The Monterey Jazz Festival, which celebrates its 50th anniversary at this weekend's typically star-studded show, was the brainchild of two unlikely impresarios: Ralph Gleason, a tweedy, pipe-smoking San Francisco music journalist, and Jimmy Lyons, a somewhat eccentric Big Sur resident who DJ'd a jazz show for the Salinas radio station KDON. And it never would have happened if not for a man who at the time seemed an unlikely representative of the jazz world, the bespectacled pianist Dave Brubeck, who returns this year to the fairgrounds, making a stop in Santa Cruz at the Rio Theatre first.
Gleason at the time was working for the San Francisco Chronicle, where he had gotten a job as the nation's first jazz critic (he later became famous as a Rolling Stone music columnist). After a decade of late nights in San Francisco's nightclubs covering the jazz scene, Gleason dreamed of seeing the music brought out into the light of day. He imagined "a sylvan setting with the best jazz people in the whole world playing on the same stage, having a whole weekend of jazz."

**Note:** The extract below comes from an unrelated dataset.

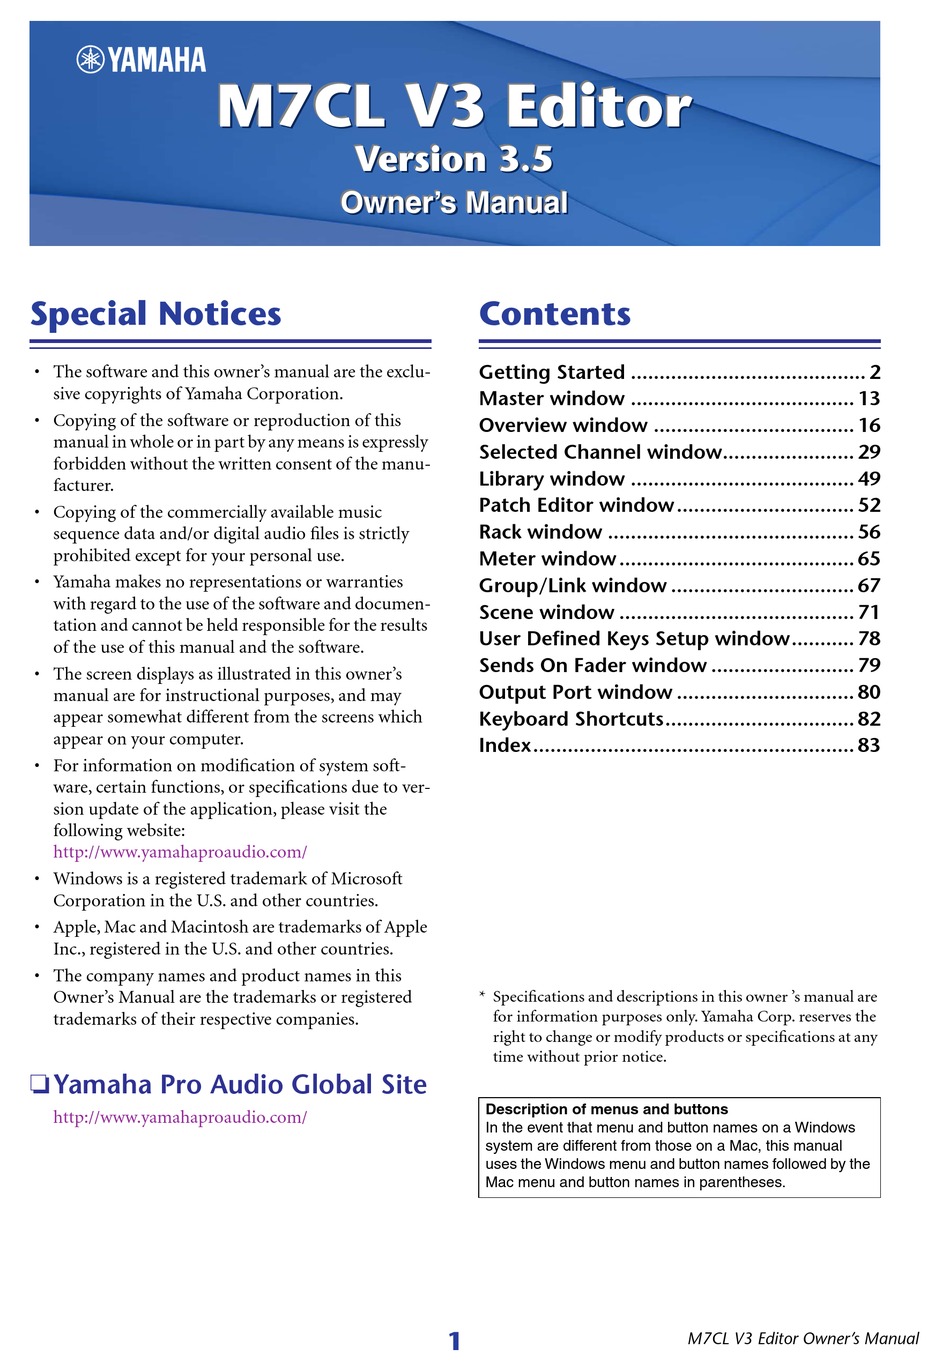 YAMAHA M7CL OWNER'S MANUAL Pdf Download | ManualsLib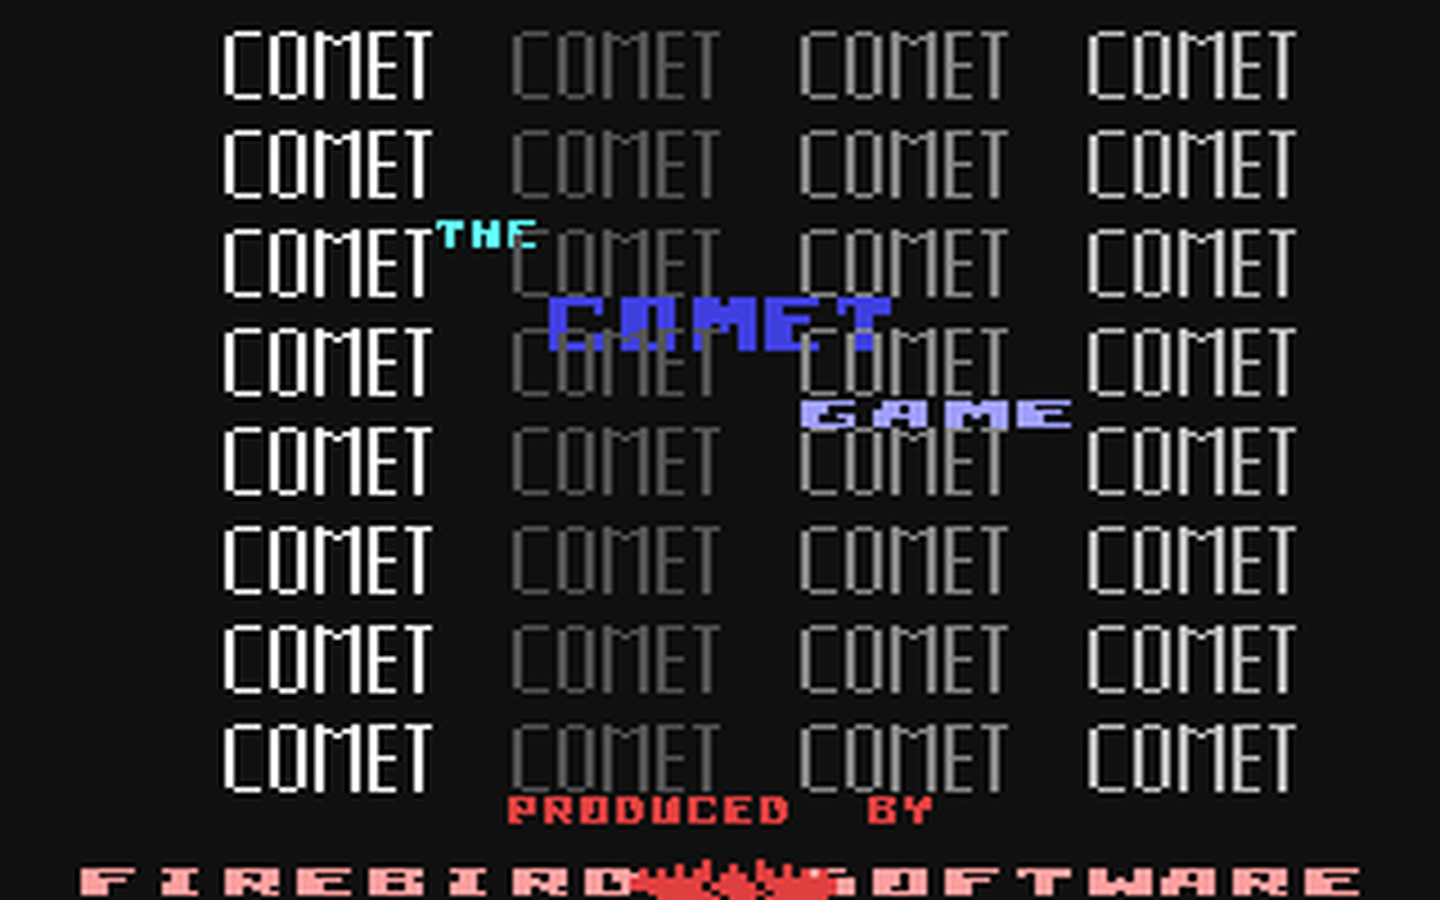 C64 GameBase Comet_Game,_The Firebird 1986

Lyons, his friend from down the coast, loved the idea. And he believed he had found the perfect setting at the Monterey Fairgrounds, with its 20 acres of oaks and its big horse-show arena.
There was only one problem: how to sell the idea of a jazz festival to the conservative city fathers who managed the fairgrounds.
Gleason's and Lyons' strategy for winning approval from the Monterey City Council was ingenious. They invited the local leaders to a private performance by the Dave Brubeck Quartet. Slam dunk. Following the show, 67 local businessmen contributed $100 each to back the festival.
Brubeck was a smart choice to introduce jazz to a bunch of provincial squares. He was practically a local—he's California born and bred—and his music was cool, sophisticated and gorgeously melodic. But this was no bait-and-switch trick. While Brubeck's brand of classical-influenced jazz was the perfect thing to calm a potentially fearful audience, it was no less adventurous than the hot, raucous stuff being played back East and down South.
Then as now, jazz was defined by a vast array of styles and sounds. The first Monterey Jazz Festival delivered stunning evidence of the music's variety. Louis Armstrong, who had helped invent the art form in New Orleans, headlined the event with a rousing performance, just released as Live at Monterey, 1958 on the new MJF Records label. Dizzy Gillespie's set was itself a far-ranging tour, veering from bebop to Latin stylings. The weekend also featured Gerry Mulligan's melodic inventiveness, Ernestine Anderson's soulful blues, Harry James' big-band pop and Billie Holiday's dark, sweet vocal poetry. The show was a sensation, and Monterey immediately earned a place on the map of American music.
Over the next 35 years, with Lyons at the helm as director, the jazz world continued to expand, and MJF continued on its mission to gather "the best jazz people in the world." More often than not, Monterey succeeded in presenting the biggest stars, as well as emerging artists who took the music in new directions. Toward the end of Lyons' reign, however, with his health failing, MJF had lost some of its edge, according to most accounts. But that turned around in 1993, when Lyons stepped down and the directorship was turned over to another unlikely leader, Santa Cruz's own Tim Jackson.
Jackson had made a name for himself as director at the Kuumbwa Jazz Center, which he had co-founded in 1978. Over the years, Kuumbwa had earned a nationwide reputation for managing to bring big-name acts to this small city, and also for its smart programming, which often featured talented young players on their way up.
Just as he made Monday nights at Kuumbwa a destination with his keen ear for the best contemporary jazz, Jackson has won accolades for breathing new life into MJF.
This year's program, though noteworthy as a landmark, is classic Monterey, and particularly typical of recent festival lineups, bringing together some justly revered old-timers and some hot new acts.
In addition to Brubeck himself, MJF 50 reunites several musicians who performed at the first Festival in 1958: Sonny Rollins, still one of the world's great sax men, who plays the main stage Sunday; Jim Hall, the brilliant guitarist, who will sit in with the Brubeck Quartet as a special guest; Benny Green, the great and somewhat underrated pianist; and Ernestine Anderson, who has never stopped touring the world.